Differential diagnosis between JXG and RMS

	JXG	RMS
Age	Mostly <1 year	Two peaks: 2–6 years and 10–18 years
Location	Head, neck, and trunkGenitals are exceptional	Head and neck (35%)Genitourinary (25%)
Radiological image in MRI	Hypo-T1, hyper-T2No signs of invasion	Hypo-T1, hyper-T2Invasion, metastases, and lymphadenopathies
Histology	Histiocytes and Touton giant cells Chronic inflammatory infiltrate. Possible necrosisNo mitosis nor atypia.	Monomorphic small round cells, atypia, mitosis, and necrosis Hypercellularity in submucosa
Immunohistochemistry	CD68 + , K i -M1P + , anti-factor XIIIa +, vimentin +, anti-CD4+ CD-1a-, S-100-	Desmin +, myogenin +, MyoD1+
Treatment	None	Surgery, chemotherapy, radiotherapy according to clinical guidelines
Prognosis	Self-resolving. Excision is curative	Genital cases usually have good prognosis

Abbreviations: JXG, juvenile xanthogranuloma; MRI, magnetic resonance imaging; RMS, rhabdomyosarcoma.

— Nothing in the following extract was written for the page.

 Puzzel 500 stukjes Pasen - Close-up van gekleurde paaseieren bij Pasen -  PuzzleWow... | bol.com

After appropriate histological diagnosis, extracutaneous involvement must be ruled out. 26 Patients should be referred to the ophthalmologist for an eye examination. Assessment of visceral involvement is usually not required and should be reserved for multiple, infiltrating or extensive JXG cases. In those cases, abdominal ultrasound, chest X-ray, and, occasionally, bone marrow biopsy are indicated. Our patient presented a slightly infiltrating mass, but with an atypical location and presentation, so ophthalmological review and abdominal ultrasound were performed, both without pathological findings.

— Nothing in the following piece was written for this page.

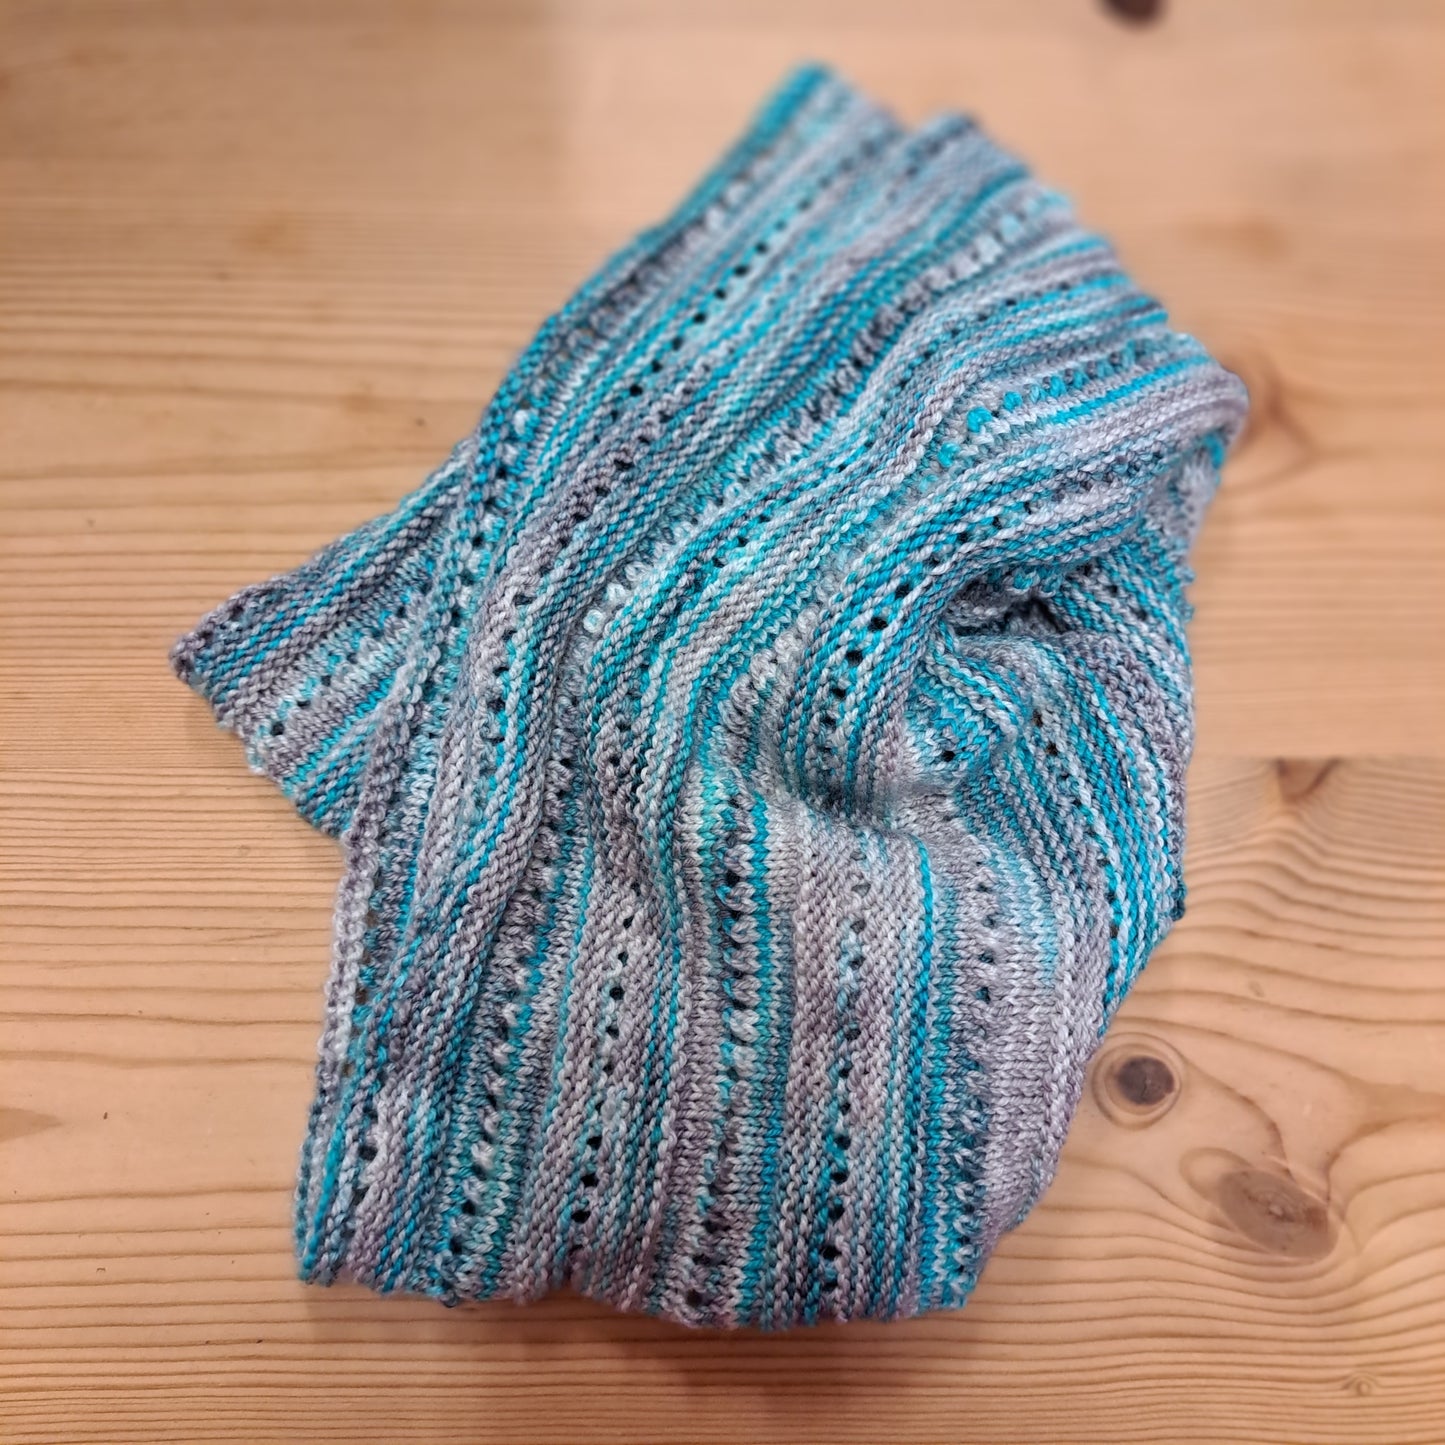 Kurs 3: ein schönes Tuch stricken

JXG is a benign pathology that has a tendency toward disappearance over a period of 3 to 6 years. However, its heterogeneity in morphological aspect and evolution, as well as its low prevalence, makes its diagnosis challenging. In many occasions, surgical resection ends up being required to procure histological diagnosis, as it was in our patient's case. Surgical treatment in JXG, although not essential, implies definitive resolution of the disease.

Conclusion

Vulvar masses in childhood are infrequent and include a very wide differential diagnosis, from congenital lesions, hormonal disruptions to benign or malignant tumors.

Deep JXG is an infrequent entity. Its genital location is exceptional, with only 12 cases described in the scientific literature.

The radiological image of the RMS is similar to that of the JXG, so in cases of diagnostic doubt, a biopsy of the mass is essential, since the histological diagnosis is definitive. Although JXG is a self-resolving pathology, diagnostic doubts may force surgical excision, which is also curative.